Extracted records:
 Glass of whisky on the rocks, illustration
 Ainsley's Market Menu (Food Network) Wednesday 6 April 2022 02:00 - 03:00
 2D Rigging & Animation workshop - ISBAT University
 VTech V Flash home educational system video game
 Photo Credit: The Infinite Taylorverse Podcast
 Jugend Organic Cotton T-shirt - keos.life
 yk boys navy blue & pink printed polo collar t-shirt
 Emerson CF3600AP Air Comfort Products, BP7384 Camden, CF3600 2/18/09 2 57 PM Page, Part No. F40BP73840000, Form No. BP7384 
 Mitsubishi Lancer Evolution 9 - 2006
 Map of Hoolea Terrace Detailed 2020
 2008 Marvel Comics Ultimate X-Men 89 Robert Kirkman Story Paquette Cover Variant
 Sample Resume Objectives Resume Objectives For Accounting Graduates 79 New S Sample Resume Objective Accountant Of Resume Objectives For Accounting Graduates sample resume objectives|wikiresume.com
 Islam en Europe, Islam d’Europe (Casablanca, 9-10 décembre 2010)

Assignment:
Full repetition needed. Write out every entry above exactly as given.

Reply:
 Glass of whisky on the rocks, illustration
 Ainsley's Market Menu (Food Network) Wednesday 6 April 2022 02:00 - 03:00
 2D Rigging & Animation workshop - ISBAT University
 VTech V Flash home educational system video game
 Photo Credit: The Infinite Taylorverse Podcast
 Jugend Organic Cotton T-shirt - keos.life
 yk boys navy blue & pink printed polo collar t-shirt
 Emerson CF3600AP Air Comfort Products, BP7384 Camden, CF3600 2/18/09 2 57 PM Page, Part No. F40BP73840000, Form No. BP7384 
 Mitsubishi Lancer Evolution 9 - 2006
 Map of Hoolea Terrace Detailed 2020
 2008 Marvel Comics Ultimate X-Men 89 Robert Kirkman Story Paquette Cover Variant
 Sample Resume Objectives Resume Objectives For Accounting Graduates 79 New S Sample Resume Objective Accountant Of Resume Objectives For Accounting Graduates sample resume objectives|wikiresume.com
 Islam en Europe, Islam d’Europe (Casablanca, 9-10 décembre 2010)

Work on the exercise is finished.